If the density of the porous beam is ρ and solid beam is ρ_{S} and both have the same length and mass, then the ratio of the radius of the porous beam, r, to that of the solid beam, r_{S}, is

\[\left(\frac{\rho_{\mathrm{S}}}{\rho}\right)=\left(\frac{r}{r_{\mathrm{S}}}\right)^{2}\]

As *I ∝ r*^{4} the ratio of the second moments of area of the porous and solid beams, *I* and *I*_{S} respectively, is

\[\frac{I}{I_{\mathrm{S}}}=\left(\frac{\rho_{\mathrm{S}}}{\rho}\right)^{2}\]

In other words *I*/*I*_{S} increases as the inverse square of the relative density, *ρ*/*ρ*_{S}.
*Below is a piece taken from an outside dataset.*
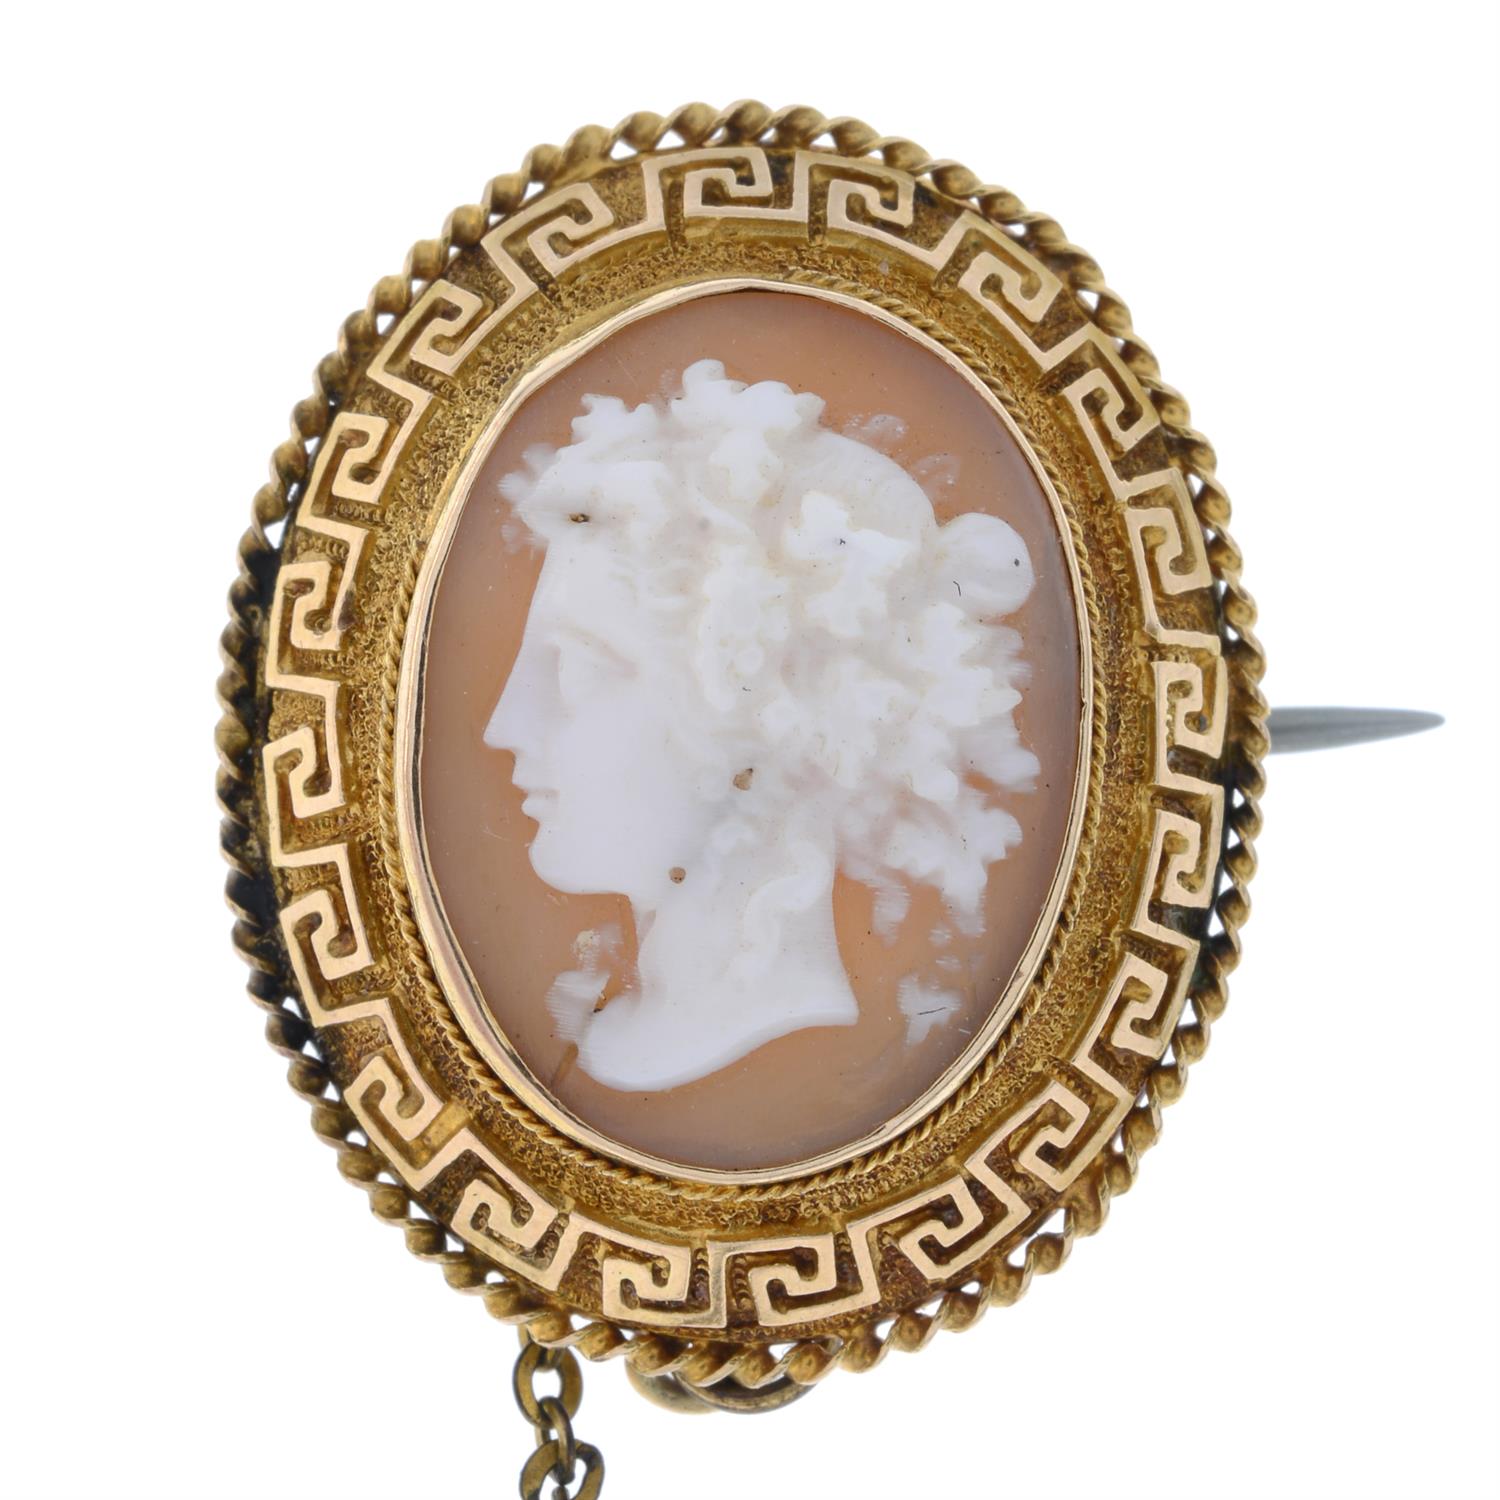 Shell cameo brooch, with Greek key motif surround

Now the expression derived above for the elastic modulus of an open-cell porous body was

\[\frac{E}{E_{\mathrm{S}}}=k\left(\frac{\rho}{\rho _\mathrm{s}}\right)^{2}\]

That is E/E_{S} decreases as the square of the relative density. In other words although *I* is increasing with decreasing density, E is decreasing at the same rate. In this case there would be no advantage in using such a material in bending compared with the solid material.

As nothing can be done about the change in radius, and hence I, with relative density, a higher bending stiffness can only be obtained by ensuring that E/E_{S} varies with ρ/ρ_{S} by a power less than 2. This is the case for the **axial** Young modulus of wood where the exponent lies closer to 1 rather than 2, as shown below.

(The data is taken from K.E. Easterling et al, “On the mechanics of balsa and other woods”, *Proc. Roy. Soc. A*, **383**[1784] (1982) 31-41.) Such changes can be brought about by varying the cell structure, for instance by elongating the cells, as occurs in wood. However in the **transverse** (radial and tangential) directions *E*/*E*_{S} for wood decreases much more rapidly with decreasing *ρ*/*ρ*_{S}. Here the exponent lies between 2 and 3.